Thursday, August 14, 2014

Remembering Robin Williams

Robin Williams was so achingly funny, so capable of mining the essential human spirit out of a moment, that you would have to be reminded he was not Jewish.

Quick. Make a list of memorable comics/comedians during your lifetime. Here’s my top of the mind list: 

Milton Berle, Red Skelton, Jack Benny, George Burns, Mel Brooks, Steve Martin, Phil Silvers, Alan King, Jackie Mason, Louis CK, Sarah Silverman, Richard Pryor, Bill Cosby, Martin Short, Jerry Seinfeld, Larry David, Flip Wilson, Godfrey Cambridge, Totie Fields, Joan Rivers, Johnny Carson, Jay Leno, Joey Bishop, Mort Sahl, Lenny Bruce, Dick Gregory, Jonathan Winters, Steve Allen, George Carlin, Ernie Kovacs, Sid Caesar, Henny Youngman, Jack Carter, Buddy Hackett, Jimmy Kimmel, Tina Fey, Carl Reiner, Myron Cohen, Shelly Berman, Jim Carrey, Freddie Prinze, Andy Kaufman, Red Foxx, Bob Newhart, Don Rickles, Bill Maher, Robert Klein Woody Allen, David Steinberg, Jerry Lewis, Billy Crystal, David Brenner, Ellen deGeneres, Pat Cooper.


Fifty-four names. With rare exception, if they weren’t/aren’t Jewish (32) they were/are black (6), similarly from heritages of suffering and exclusion. Doesn’t it reveal something that of those who are not Jewish some of the more prominent and successful, including Martin Short, Steve Martin and Bill Maher, are often thought to be tribe members.

Among the many tributes his fellow comedians extended Monday was this one from Steve Martin, himself a brilliant observer and commentator of the human condition.  “I could not be more stunned by the loss of Robin Williams, mensch, great talent, acting partner, genuine soul.”

How revealing, how nuanced, that Martin would include mensch in his recollection of Williams.

I wrote this blog (until this paragraph) the night Robin Williams’ death was announced but have been reluctant to post it, thinking I might be a little too jingoistic in my Jewishness (would you have known what I meant if I had just written “Jewgoistic?). 

I’m not the only one to have noted the crossover ties between Williams and his Jewish audiences (here’s a columnist for The Jewish Week: http://www.thejewishweek.com/news/national/robin-williams-honorary-jew). 

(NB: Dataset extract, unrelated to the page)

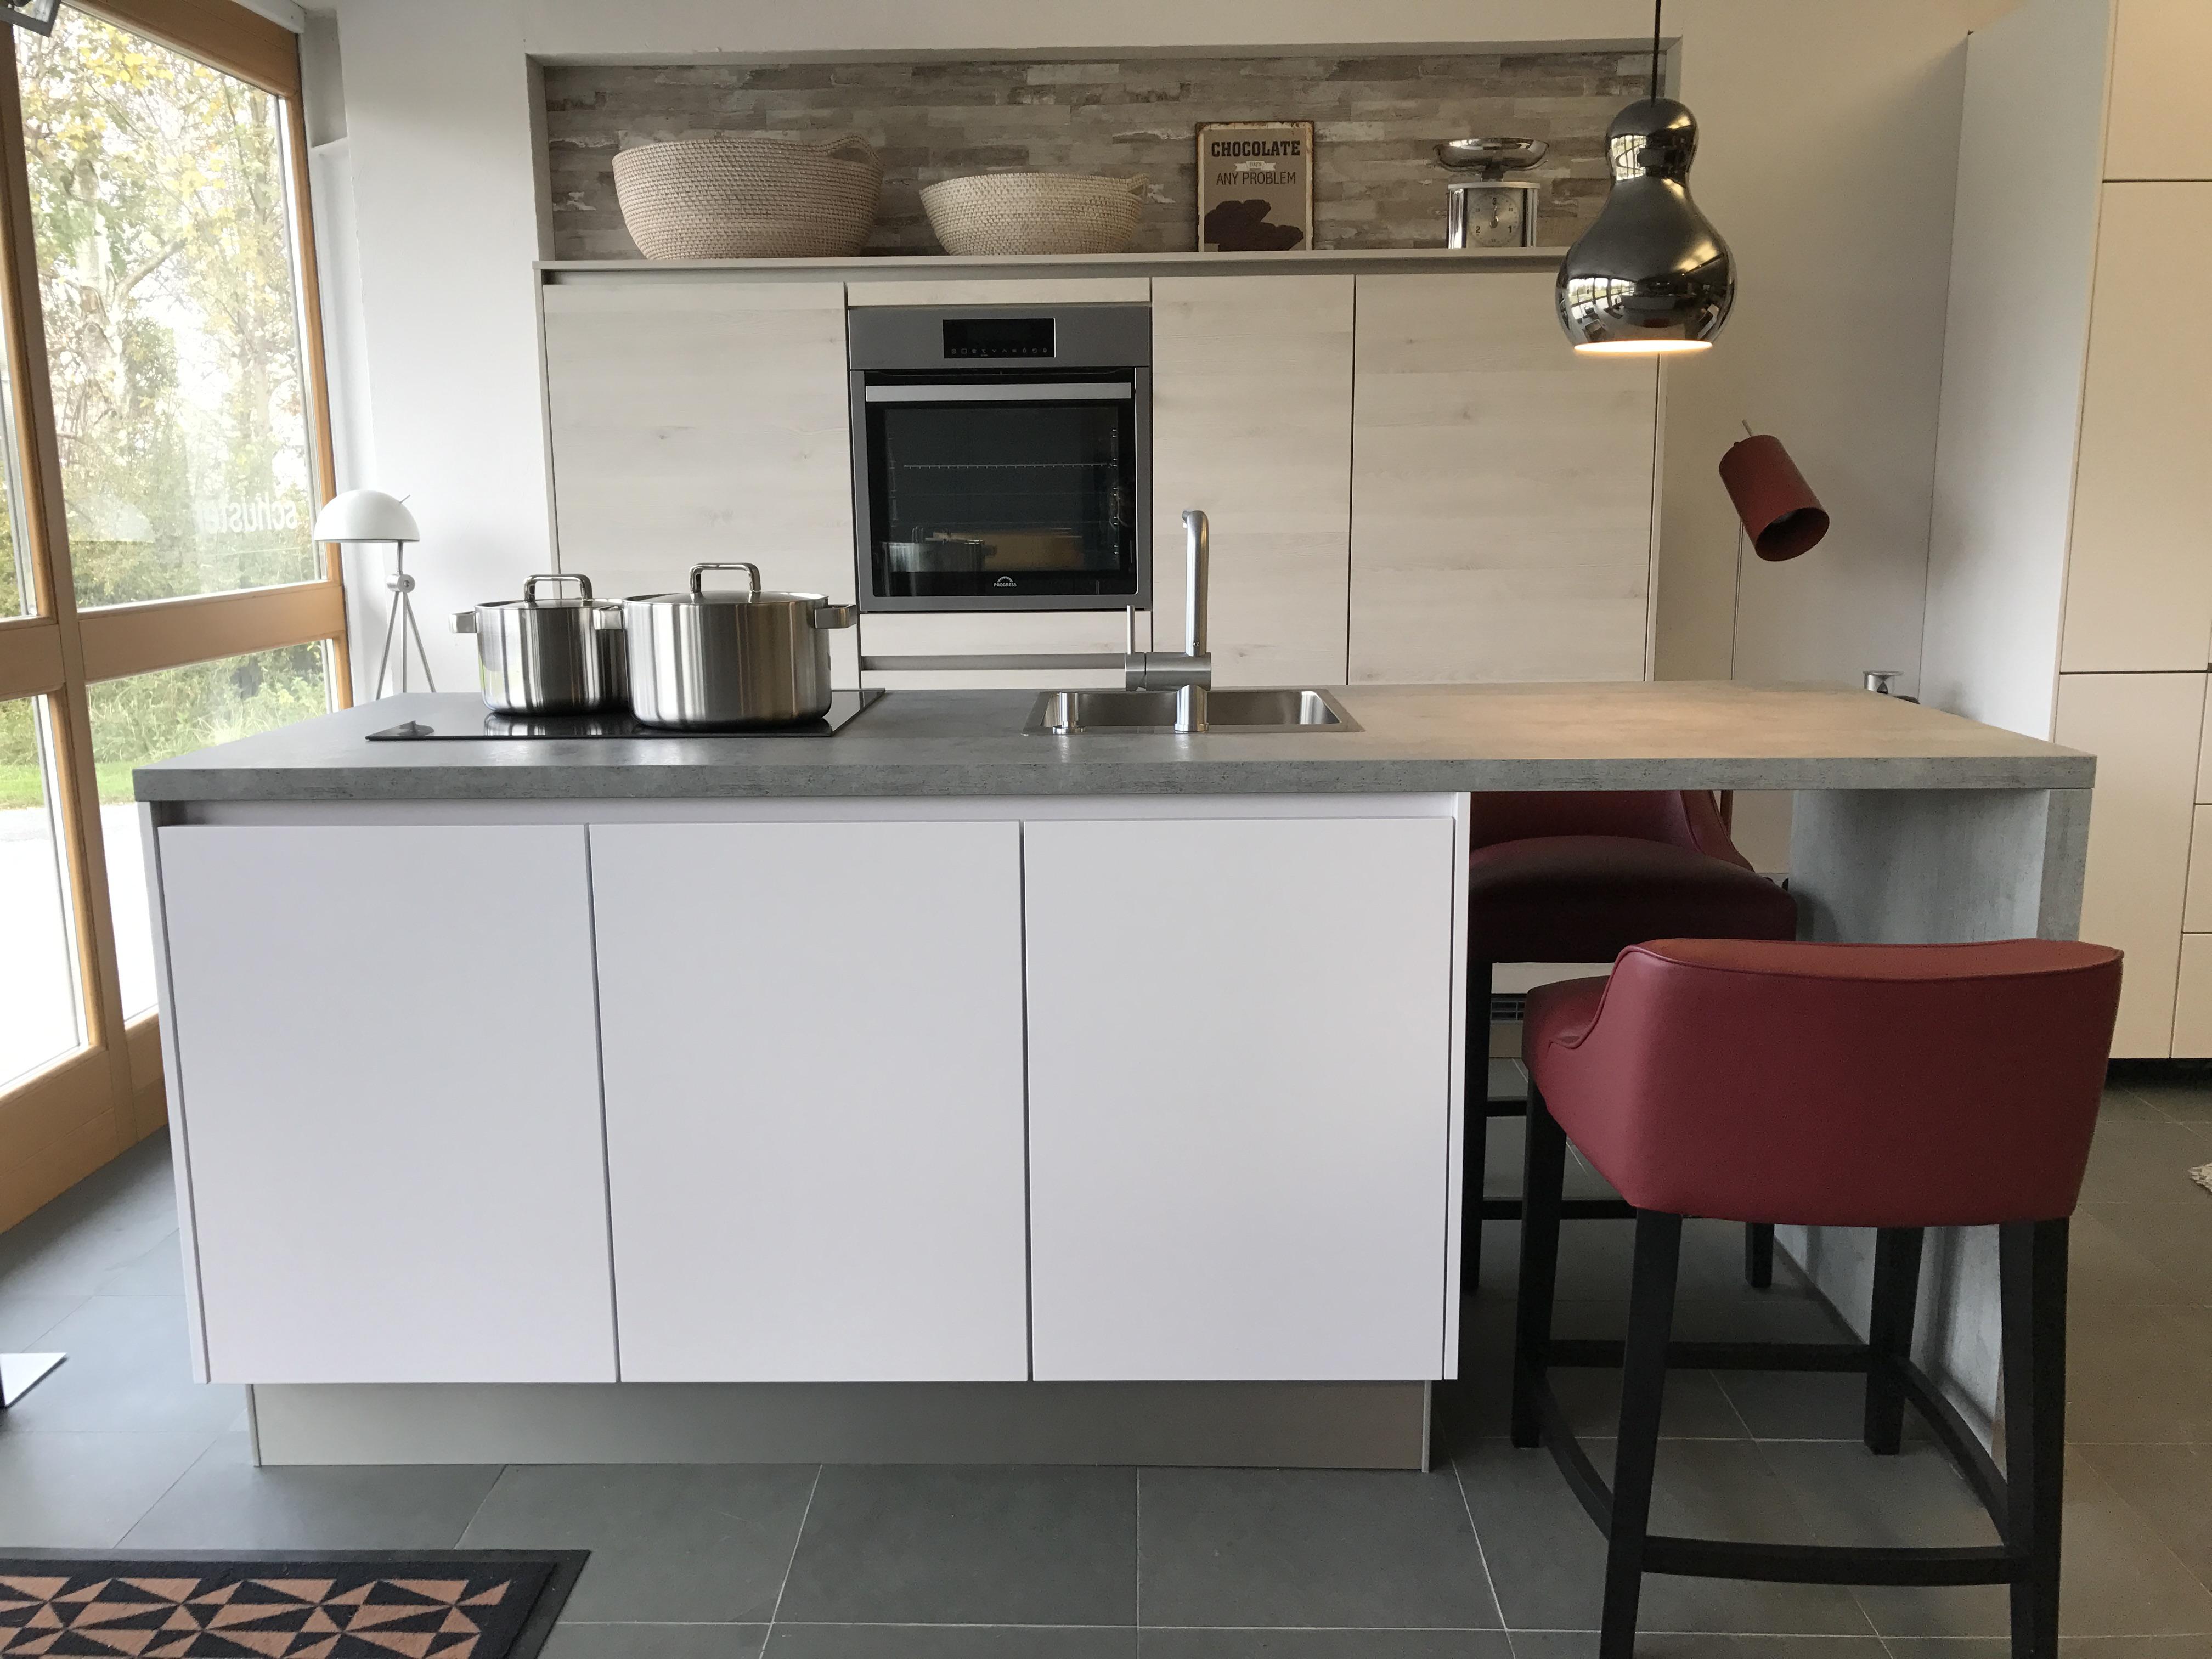 angebote schuster k chen schuster k chen. Black Bedroom Furniture Sets. Home Design Ideas

Perhaps it stemmed from the dramatic roles he undertook in film. Though not necessarily Jewish characters, several represented professions that embodied nurturing and healing—doctors in Good Will Hunting, Patch Adams, What Dreams May Come and Awakening; teachers in Dead Poets Society and Flubber. He portrayed outcasts of society in Jack, The Fisher King, Bicentennial Man, Good Morning, Vietnam and The Birdcage. He exemplified the Russian Refusnik who emigrated to America (and Israel) in Moscow on the Hudson. In Jakob the Liar Williams made the Holocaust bearable, for a time. He played everyone’s favorite nanny in Mrs. Doubtfire.


Like most people I marveled at his comic genius, his creativity, his ability to spout on-the-spot humor. But, from what I’ve read, before Williams hit pay dirt with comedy, he wanted to be a dramatic actor. Few would deny he became one of the best of his generation.